The “picturesque tumults” of Billingsgate are described by journalist William Blanchard Jerrold and illustrated by Gustave Doré in their 1872 book London: A Pilgrimage, which is part of our collection.

It’s easy to imagine how, in this competitive, hard-working atmosphere, the spiky, sweary ‘Billingsgate language’ became common, giving rise to the saying ‘swear like a Billingsgate fishwife’.

Billingsgate porters were crucial

Porters unloaded and transported the fish, and were essential to the buzzing market. A series of photos in our collection from 1958 by Bob Collins captures the organised chaos.

In 1876, the Corporation of London introduced regulations requiring all porters to be licensed. Traditionally, there were 240 porters at Billingsgate. All started their day at the crack of dawn, moving the fish samples from the delivery vehicles to the merchants' stands.

Their distinctive ‘bobbin hats’ were uniquely practical, with flat crowns that helped them balance fish boxes on their heads. The hats also protected their wearers from melting ice and fish slime trickling from boxes. We have two of the hats in our collection.

The hats are said to have lent their name to ‘bobbin money’, the additional sum customers paid for each purchase delivered to them.

Famous faces at the fish stalls

The author George Orwell is said to have walked around Billingsgate’s stalls, perhaps gathering inspiration. The notorious Kray twins, East End gangsters, were known to ‘work’ in the market.

Billingsgate traditionally revolved around families. Small family-run trading firms and portering jobs passed through generations, with fathers, sons, uncles and cousins working side by side. Women were part of it too, often managing finances as cashiers.

However, actor Michael Caine, whose father worked as a fish porter, was not one to carry on this family tradition.

Comedian Micky Flanagan was the same, though he worked briefly as a fish porter in his teenage years: "It was hard, an early start, freezing cold, putting on damp clothes, delivering fish in the rain... it wasn't for me."

The move to London docks

After 900 years at its original Thames Street location, Billingsgate relocated to West India Docks in Tower Hamlets in 1982. Many objects from the market made their way into our collection, including signs, tokens and bell weights. The original market bell moved with the market, ringing to announce the beginning of trading on 19 January 1982.

The 13-acre site near Canary Wharf was, at the time, touted as the most modern fish market in the whole of Europe. The large trading hall could hold about 98 stands and 30 shops, an 800-tonne freezer store and an ice-making plant.

Is Billingsgate closing?

In 2024, the City of London Corporation announced that Billingsgate’s planned move to Dagenham, even further east, was no longer happening. Instead, the market was scheduled to close in 2028, meaning traders would need to find new premises.

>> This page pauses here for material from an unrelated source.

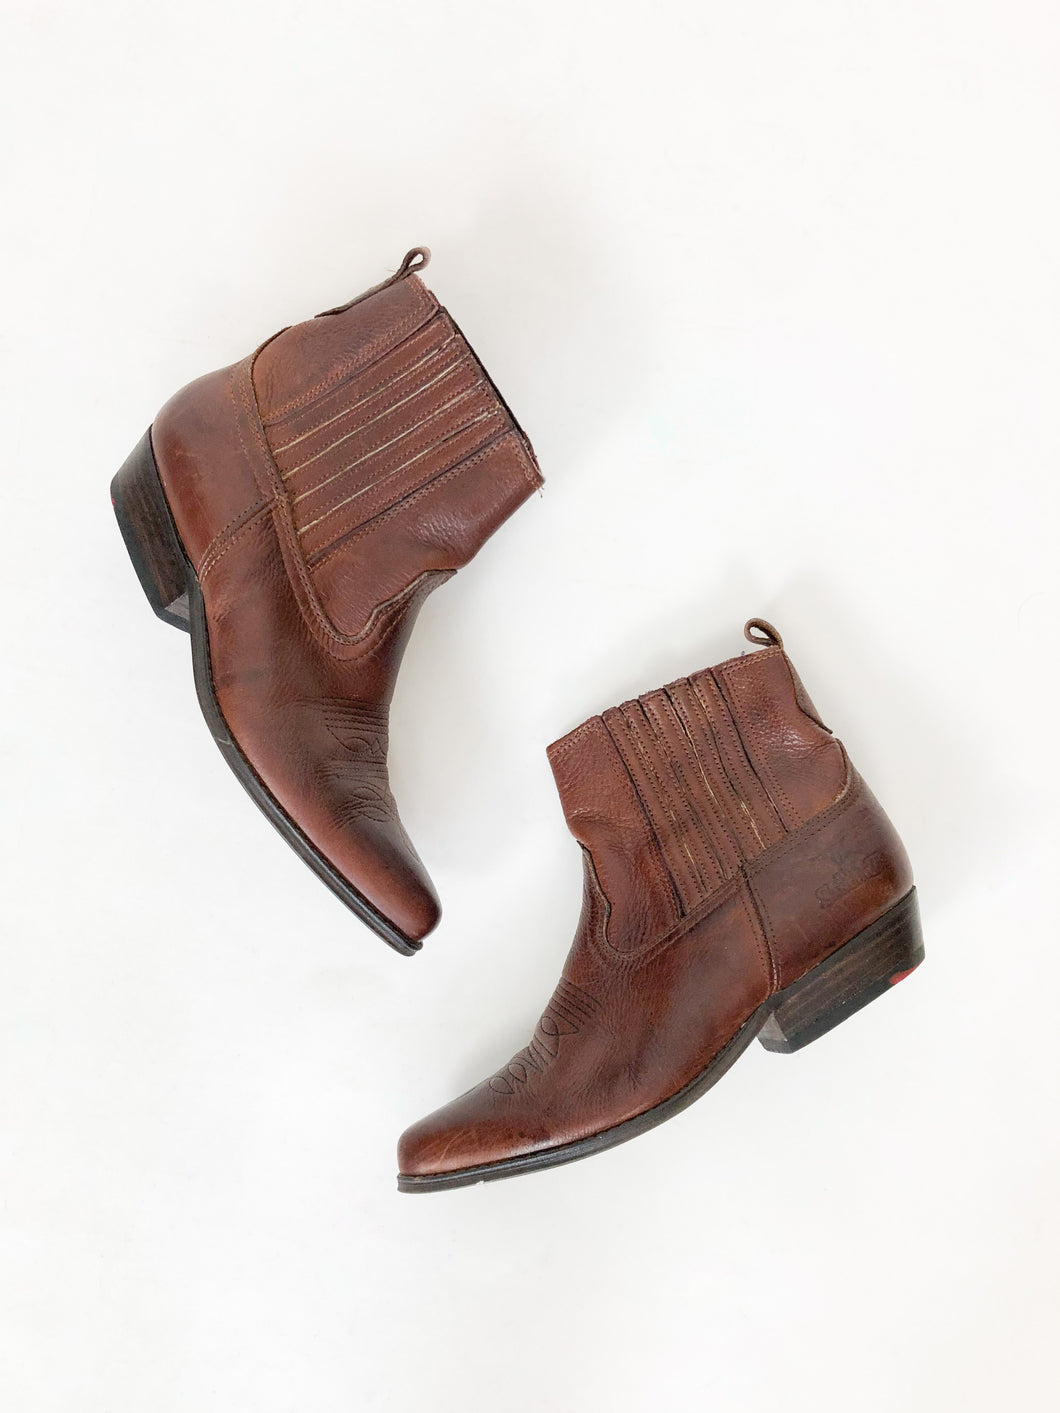 Vintage 80s Joe Sanchez Brown Leather Ankle Boots Size 40

The market has survived centuries of transformation, maintaining traditions while embracing the future. In 2021, artist and educator Pat Wingshan Wong documented this through her Barter Archive project, a part of which is now in our collection.

She sketched the daily life of fishmongers, porters and workers, trading her drawings for their stories and meaningful objects. The artist’s work preserves the memory of Billingsgate at West India Docks before its next chapter begins.